DATASET START

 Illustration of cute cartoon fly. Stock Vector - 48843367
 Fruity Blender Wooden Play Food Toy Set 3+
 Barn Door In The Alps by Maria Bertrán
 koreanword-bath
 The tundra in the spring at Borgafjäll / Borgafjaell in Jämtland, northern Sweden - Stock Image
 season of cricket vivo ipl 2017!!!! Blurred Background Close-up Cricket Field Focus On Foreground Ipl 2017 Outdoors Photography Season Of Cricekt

DATASET END

WHAT THE EXERCISE ASKS: Output all of the data again. Match it exactly.

TASK RESULT:
 Illustration of cute cartoon fly. Stock Vector - 48843367
 Fruity Blender Wooden Play Food Toy Set 3+
 Barn Door In The Alps by Maria Bertrán
 koreanword-bath
 The tundra in the spring at Borgafjäll / Borgafjaell in Jämtland, northern Sweden - Stock Image
 season of cricket vivo ipl 2017!!!! Blurred Background Close-up Cricket Field Focus On Foreground Ipl 2017 Outdoors Photography Season Of Cricekt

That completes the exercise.